--- PROBLEM TO SOLVE ---
Retype the listing exactly, with no images.

--- SOURCE MATERIAL ---
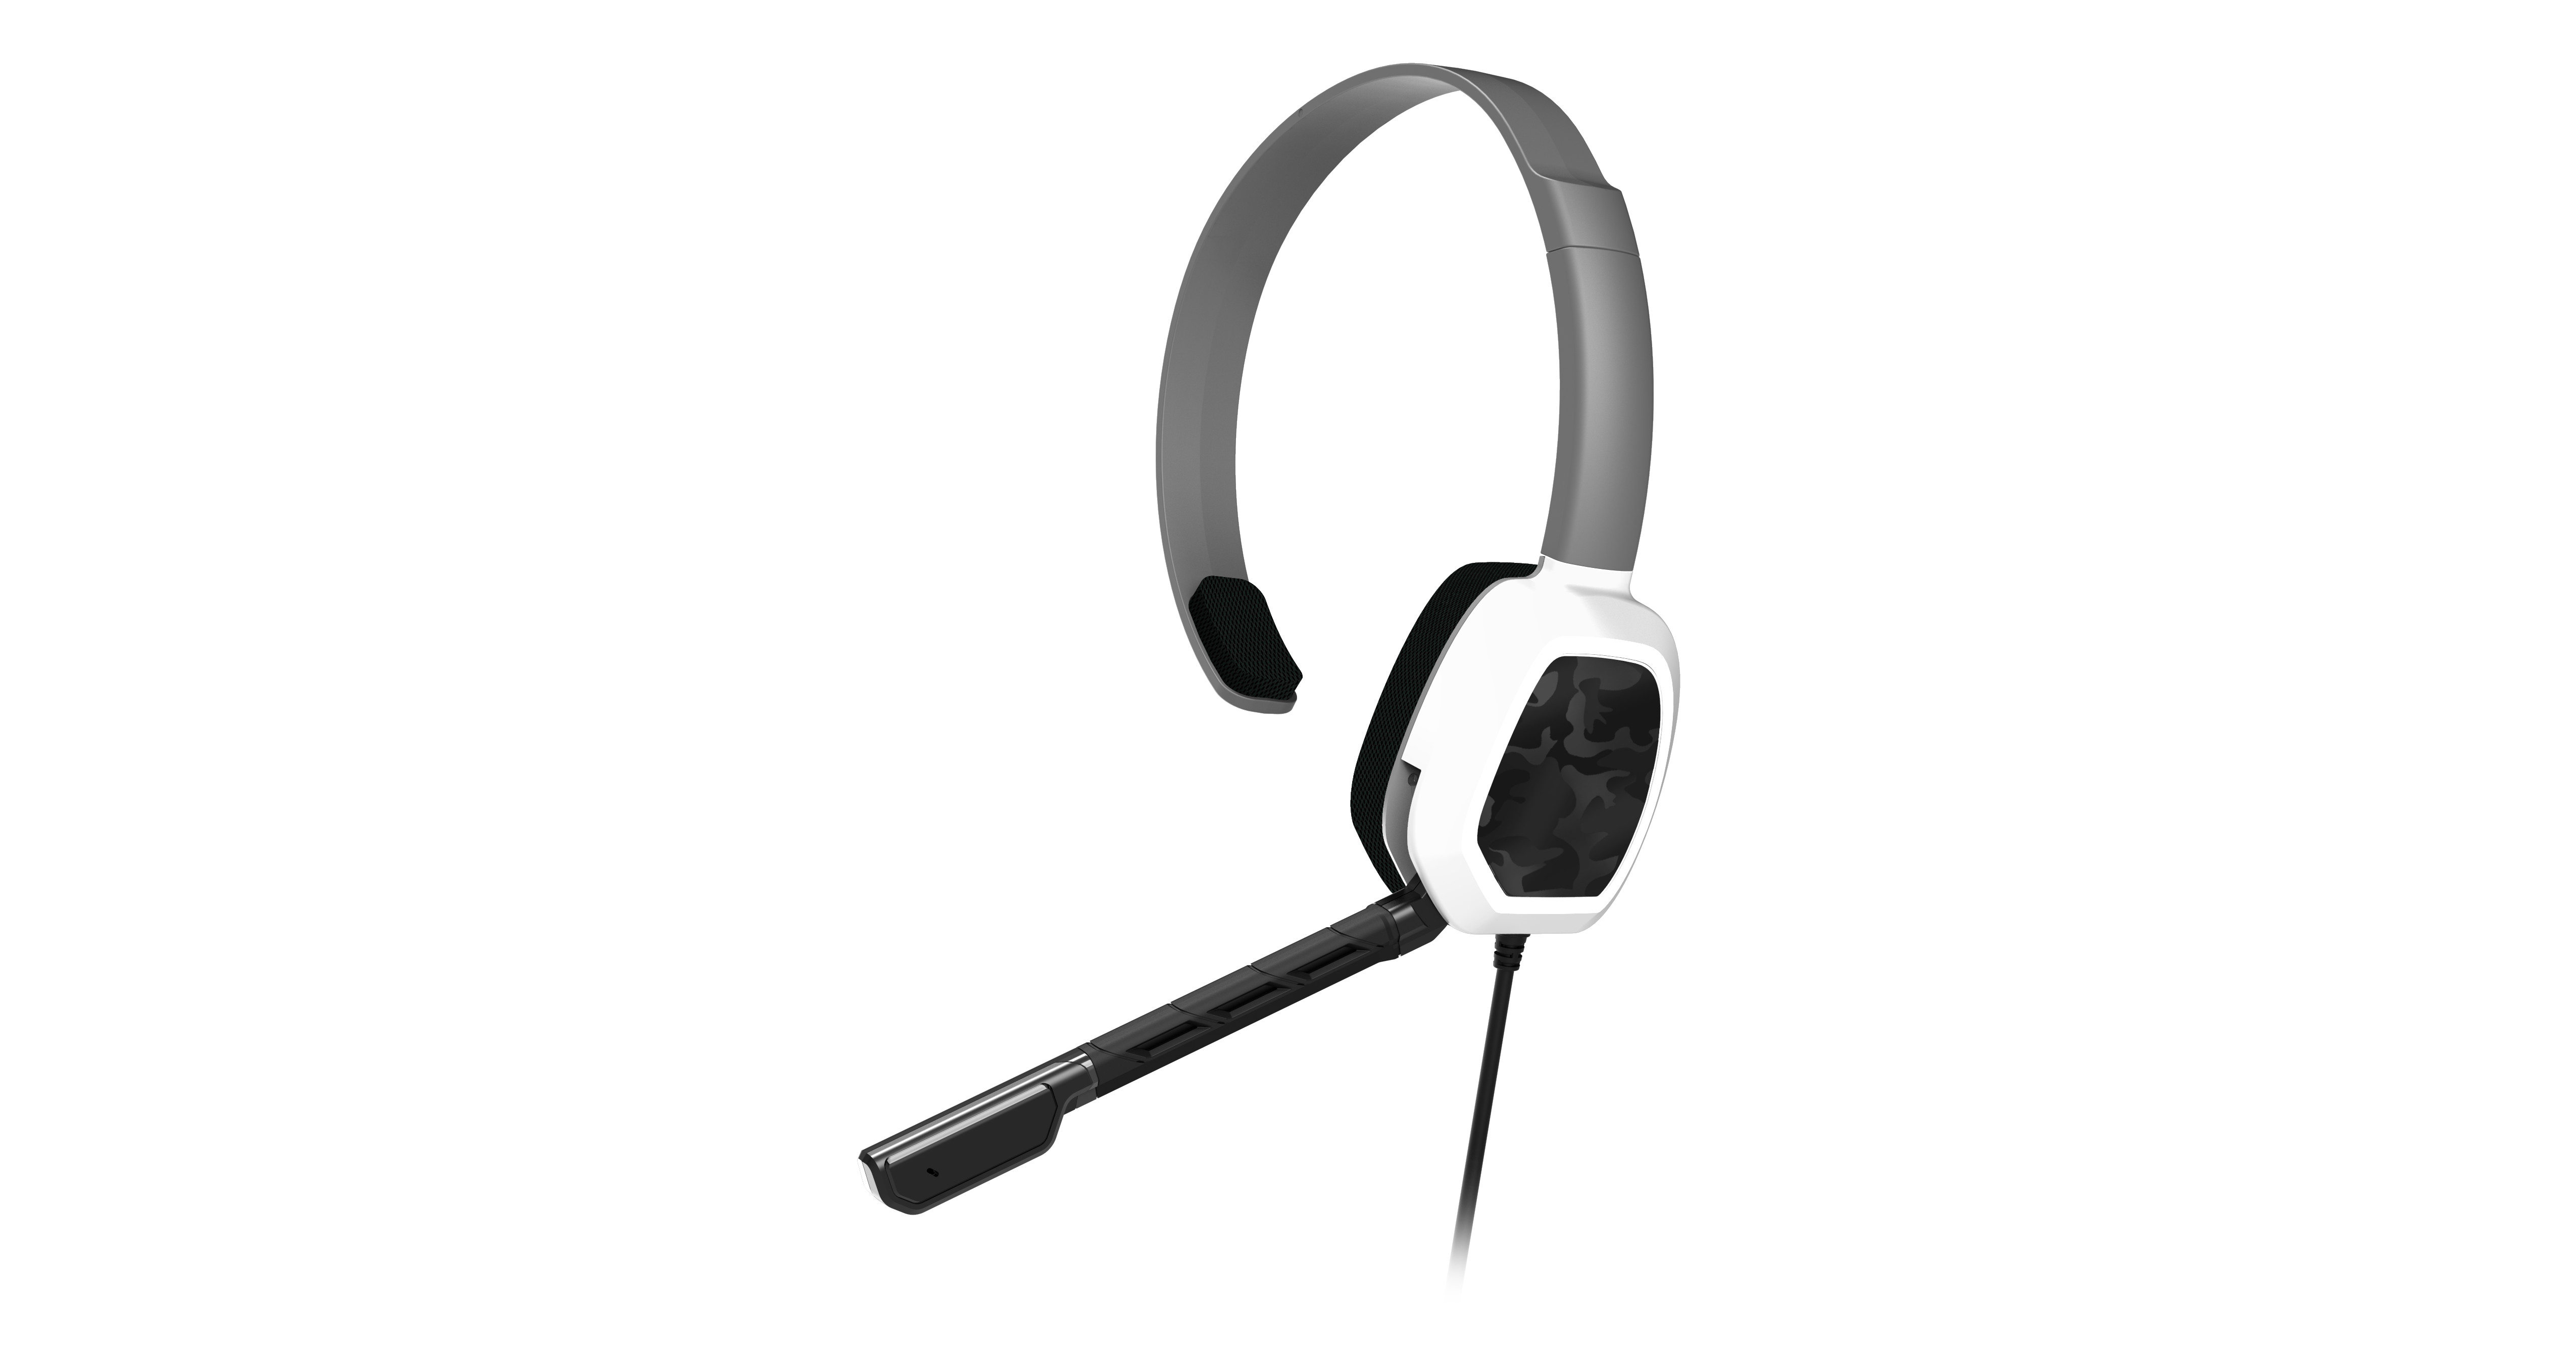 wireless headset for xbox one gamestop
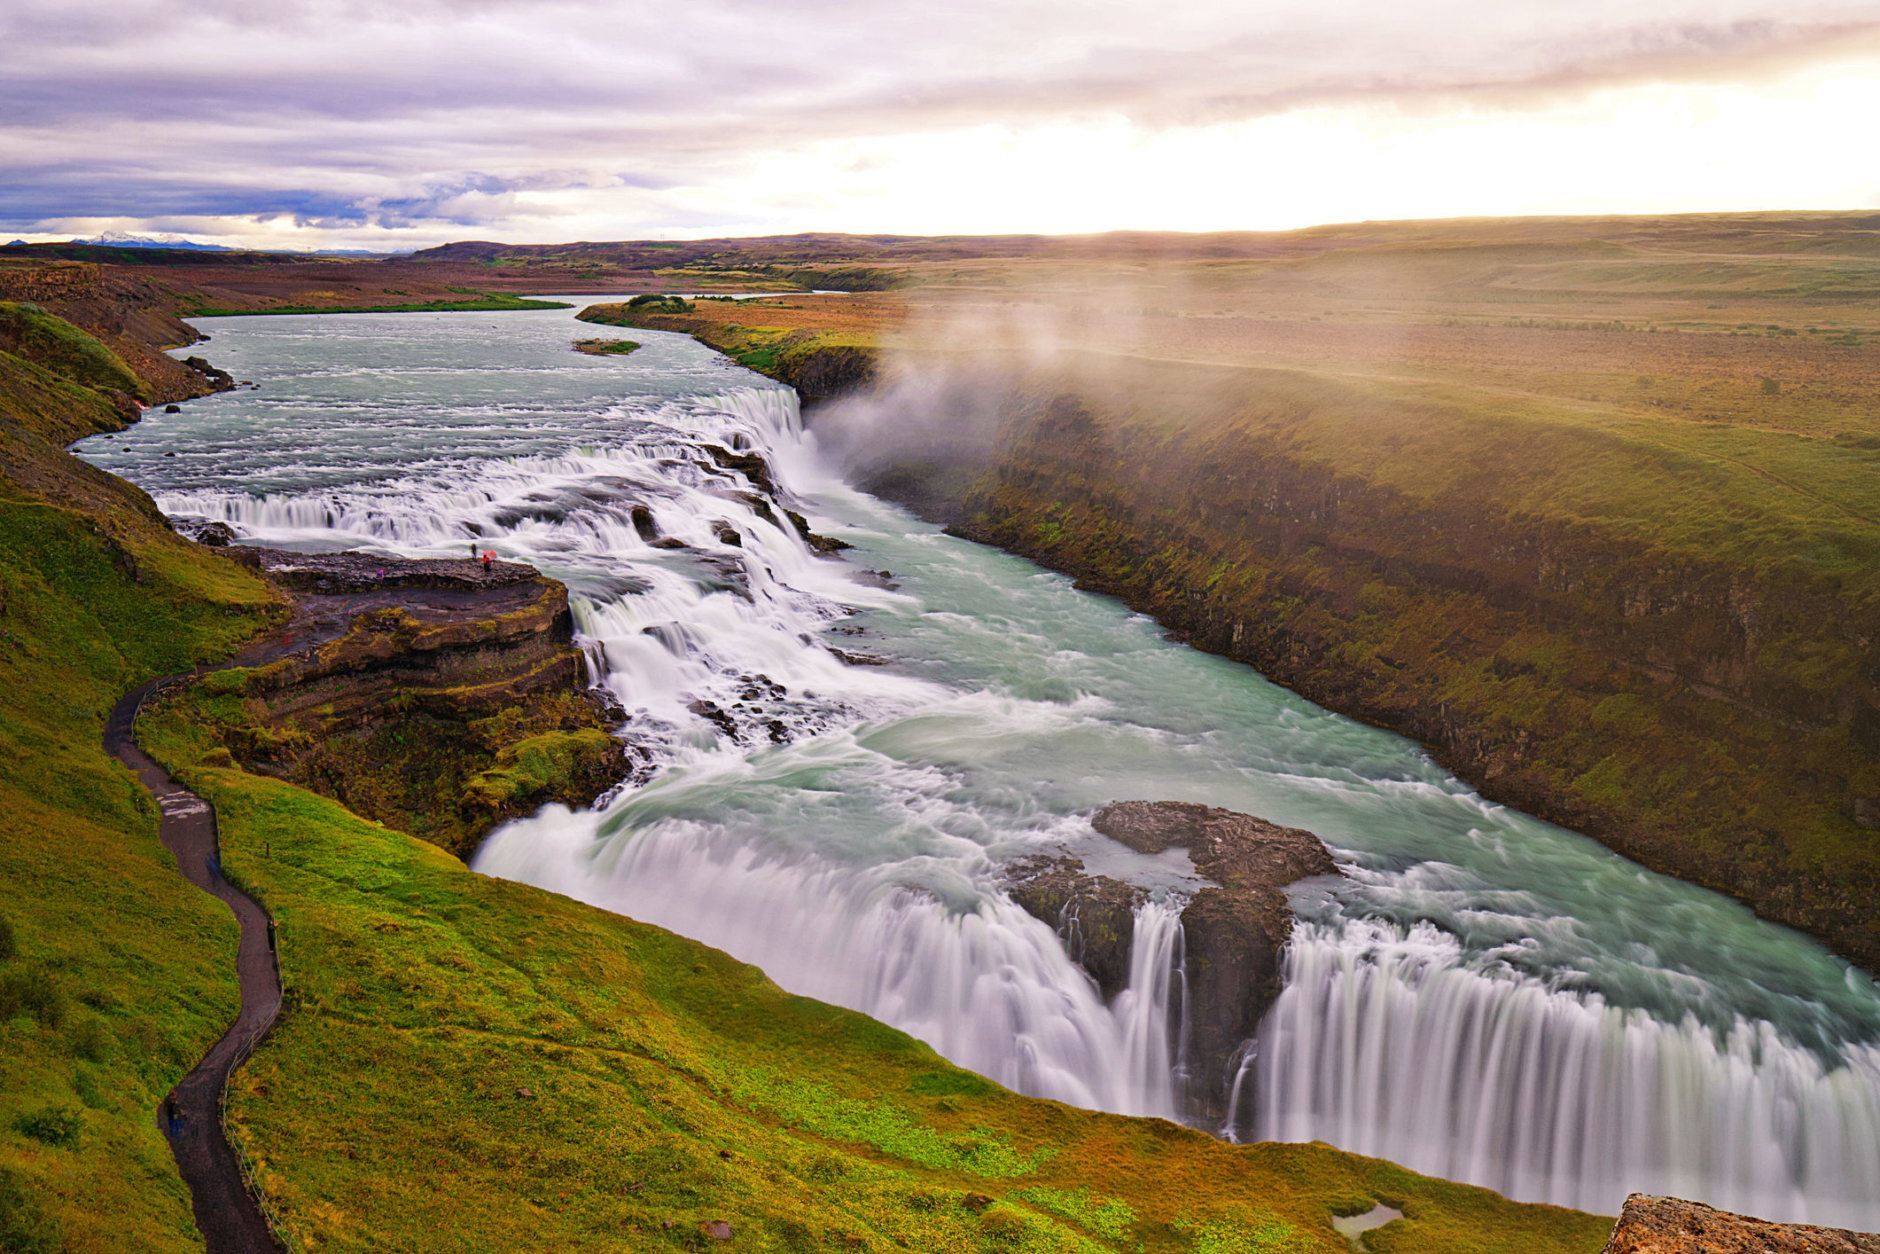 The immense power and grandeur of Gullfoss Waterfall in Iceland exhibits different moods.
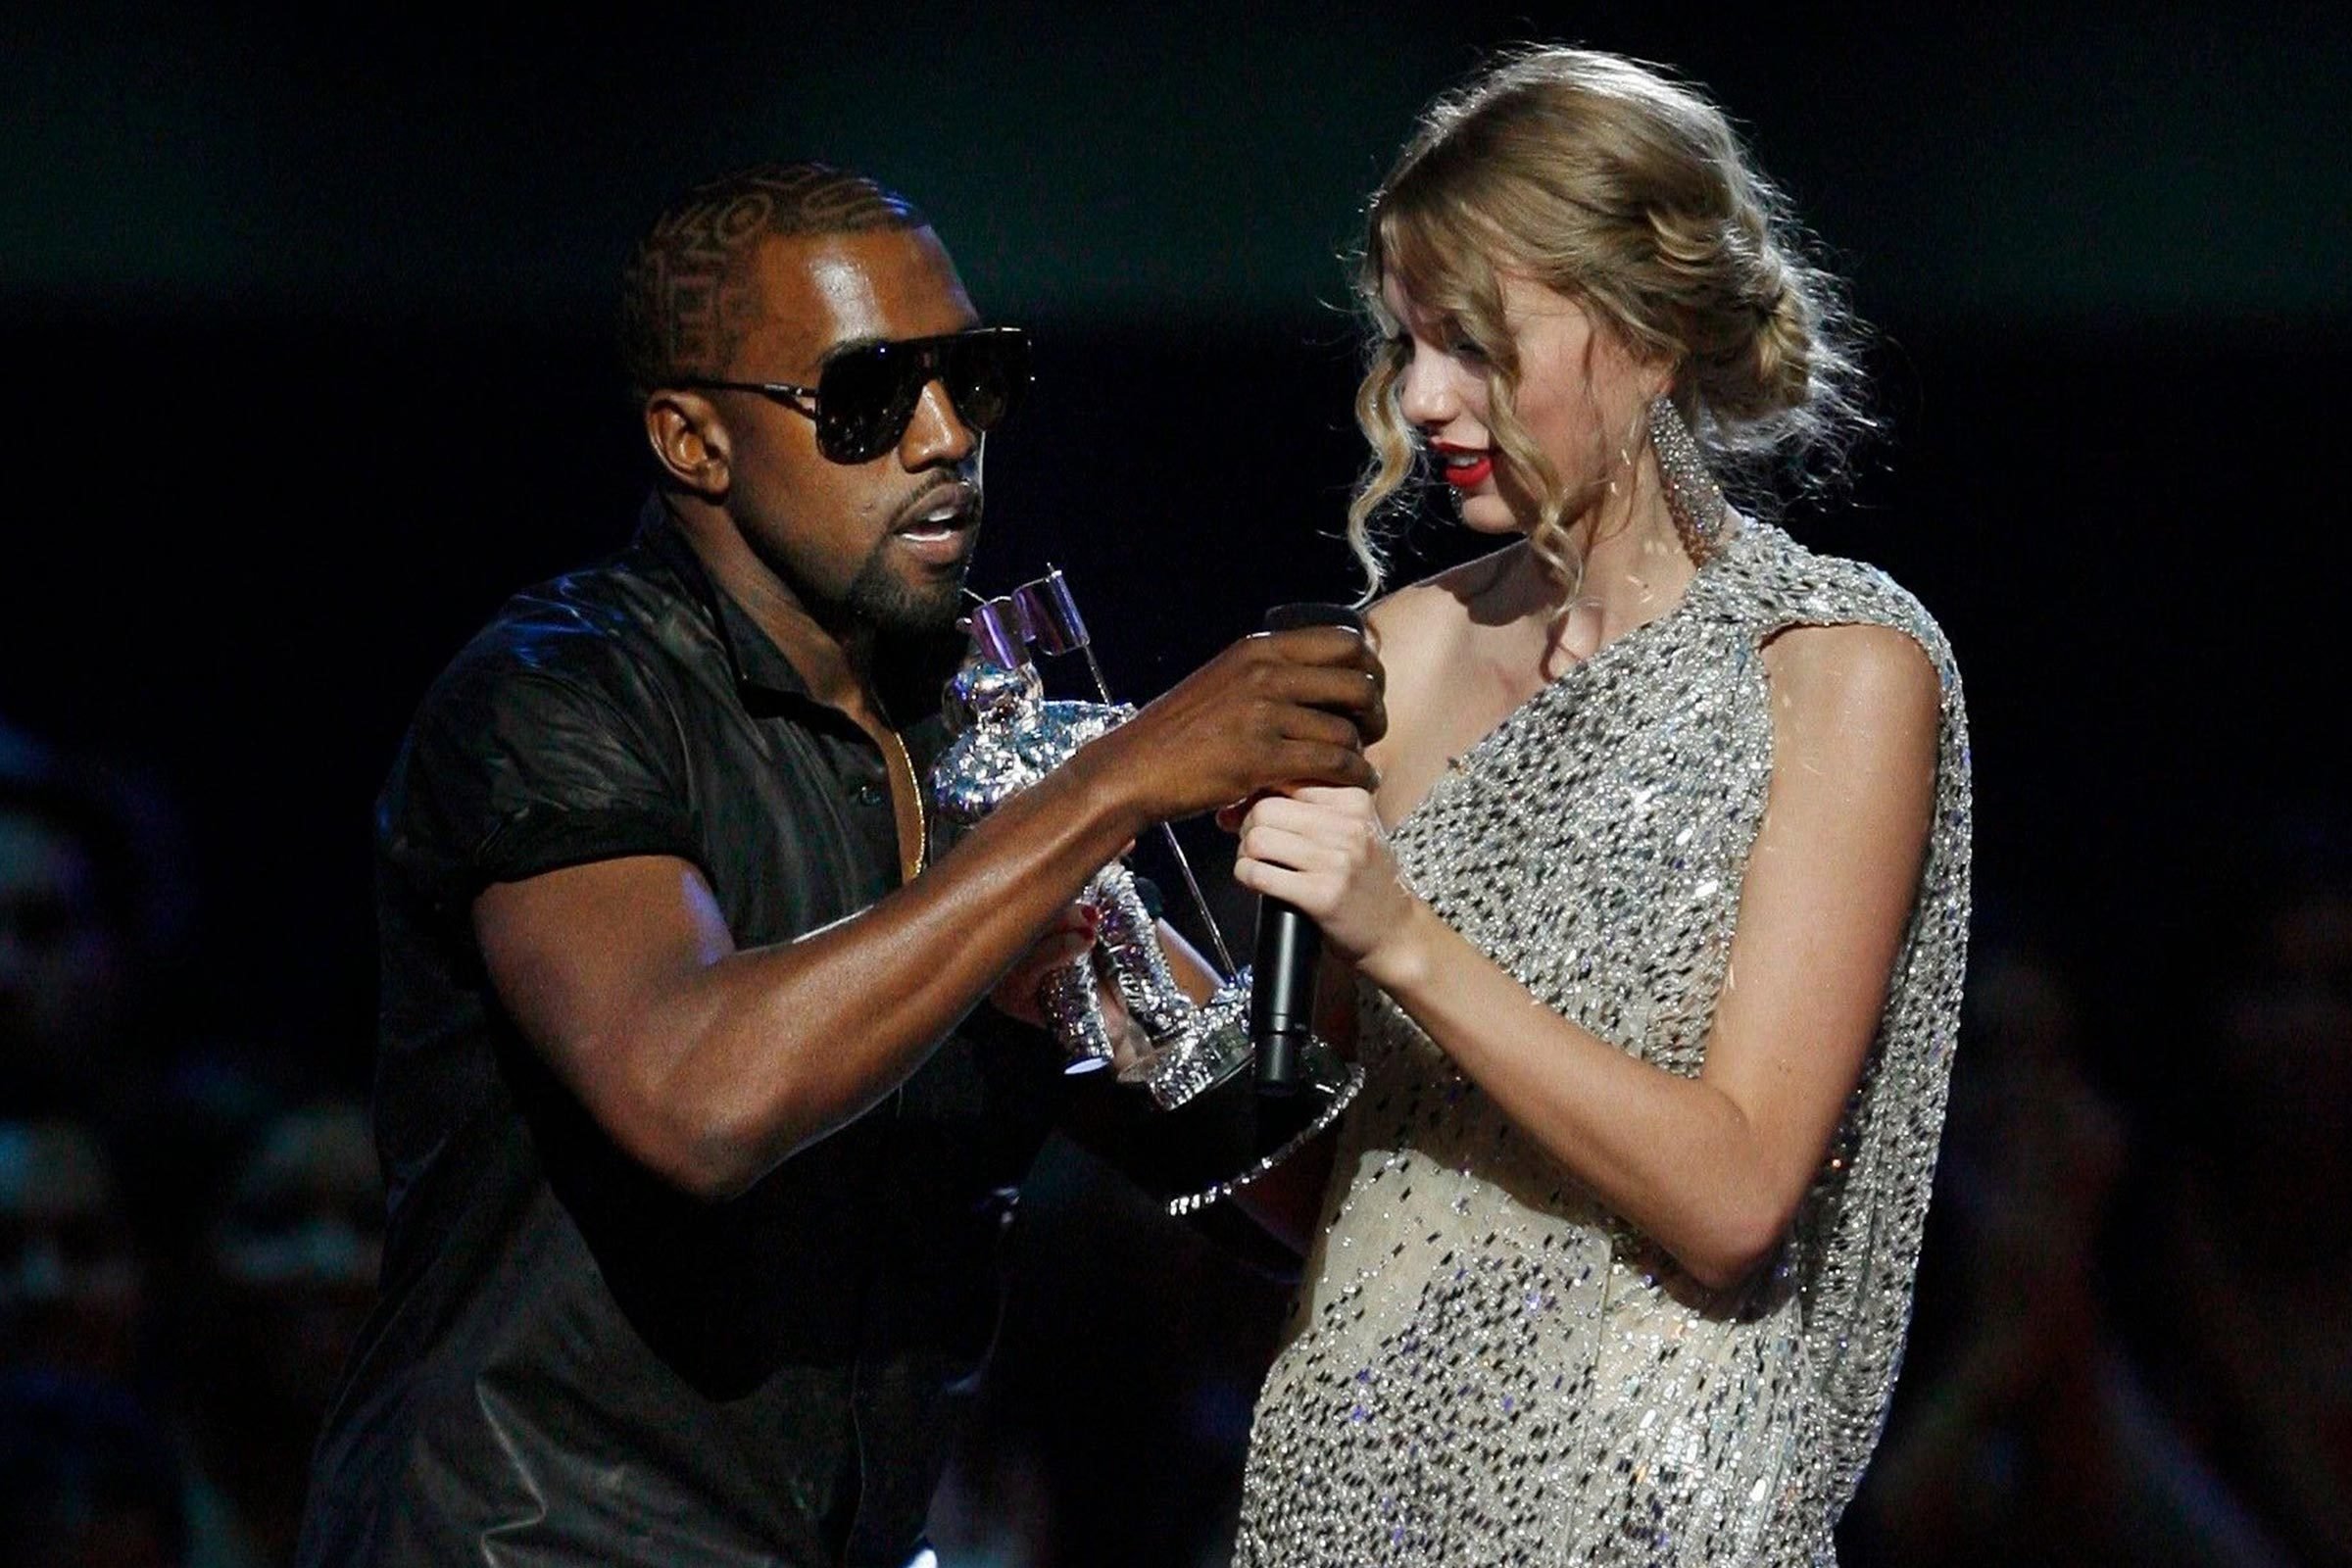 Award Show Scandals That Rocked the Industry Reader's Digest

--- EXERCISE ANSWER ---
 wireless headset for xbox one gamestop
 The immense power and grandeur of Gullfoss Waterfall in Iceland exhibits different moods.
 Award Show Scandals That Rocked the Industry Reader's Digest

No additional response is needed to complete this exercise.